До батареи остался какой нибудь километр

Они сражались за Родину (сборник)

Смерть величественно и безмолвно властвовала на этой поляне, созданной и взрытой нашими снарядами, и только в самом центре поляны стояла одна чудом сохранившаяся березка, и ветер раскачивал ее израненные осколками ветви и шумел в молодых, глянцевито-клейких листках.

Мы проходили через поляну. Шедший впереди меня связной-красноармеец слегка коснулся рукой ствола березы, спросил с искренним и ласковым удивлением:

– Как же ты тут уцелела, милая.

Но если сосна гибнет от снаряда, падая, как скошенная, и на месте среза остается лишь иглистая, истекающая смолой макушка, то по-иному встречается со смертью дуб.
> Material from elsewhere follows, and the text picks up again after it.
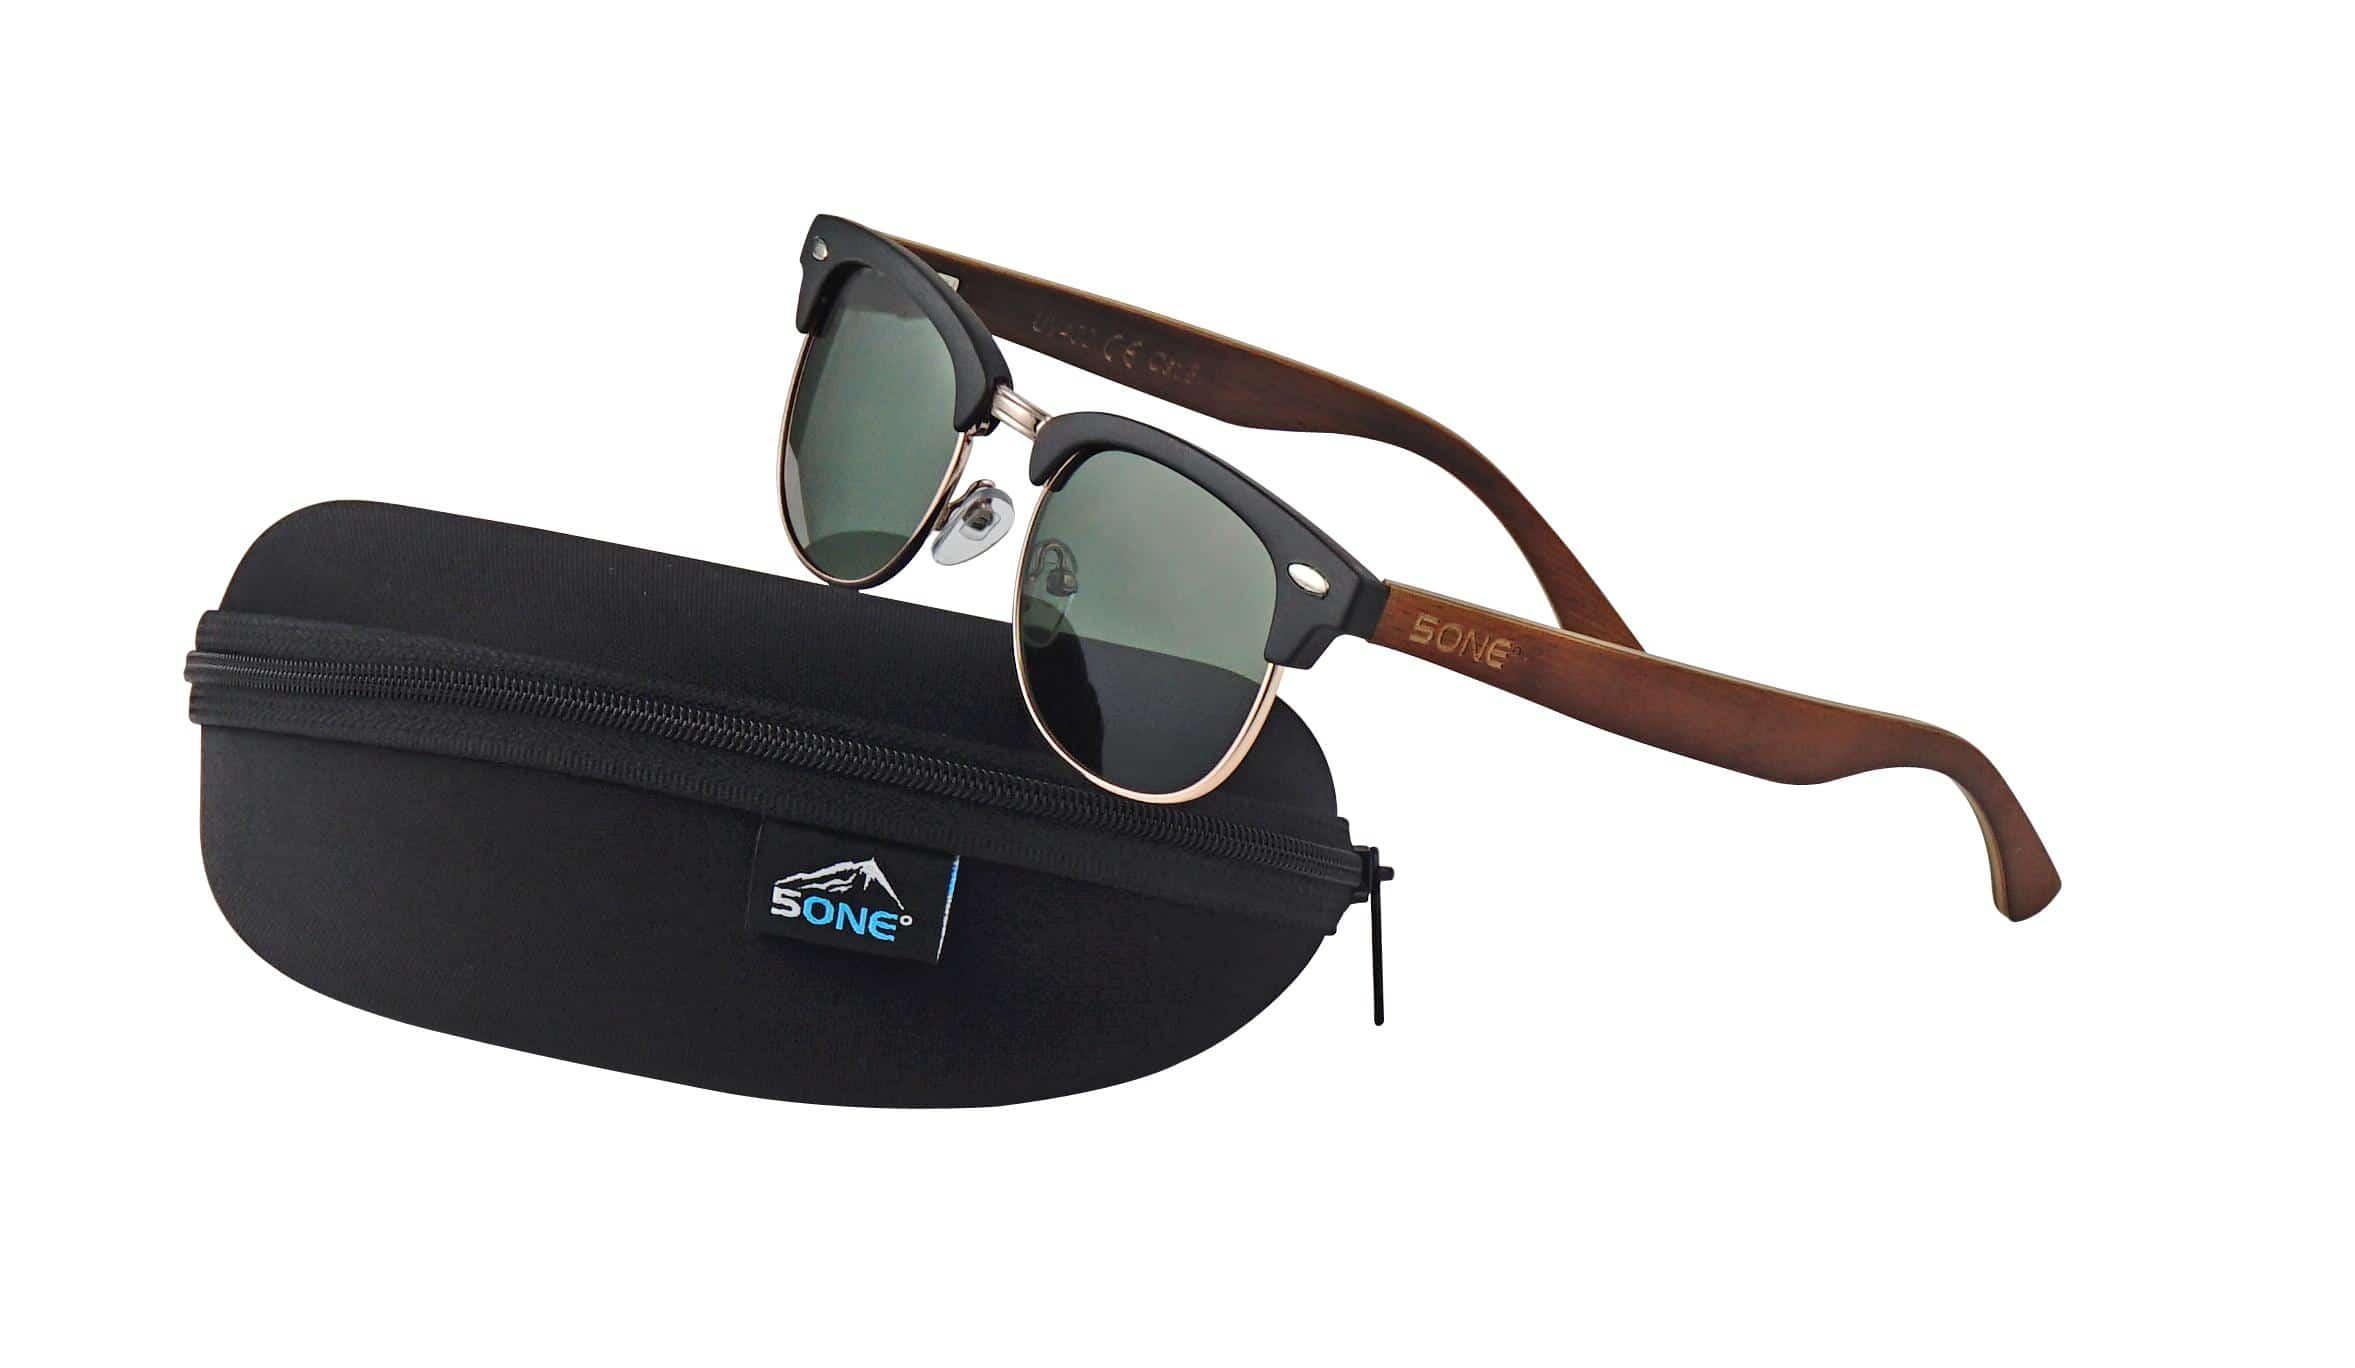 5one® Capri Black - Grijze lens - zwart frame - clubmastermodel

Высокий, немного сутулый, с приподнятыми, как у коршуна, широкими плечами, лейтенант Герасимов сидел у входа в блиндаж и обстоятельно рассказывал о сегодняшнем бое, о танковой атаке противника, успешно отбитой батальоном.

Худое лицо лейтенанта было спокойно, почти бесстрастно, воспаленные глаза устало прищурены. Он говорил надтреснутым баском, изредка скрещивая крупные узловатые пальцы рук, и странно не вязался с его сильной фигурой, с энергическим, мужественным лицом этот жест, так красноречиво передающий безмолвное горе или глубокое и тягостное раздумье.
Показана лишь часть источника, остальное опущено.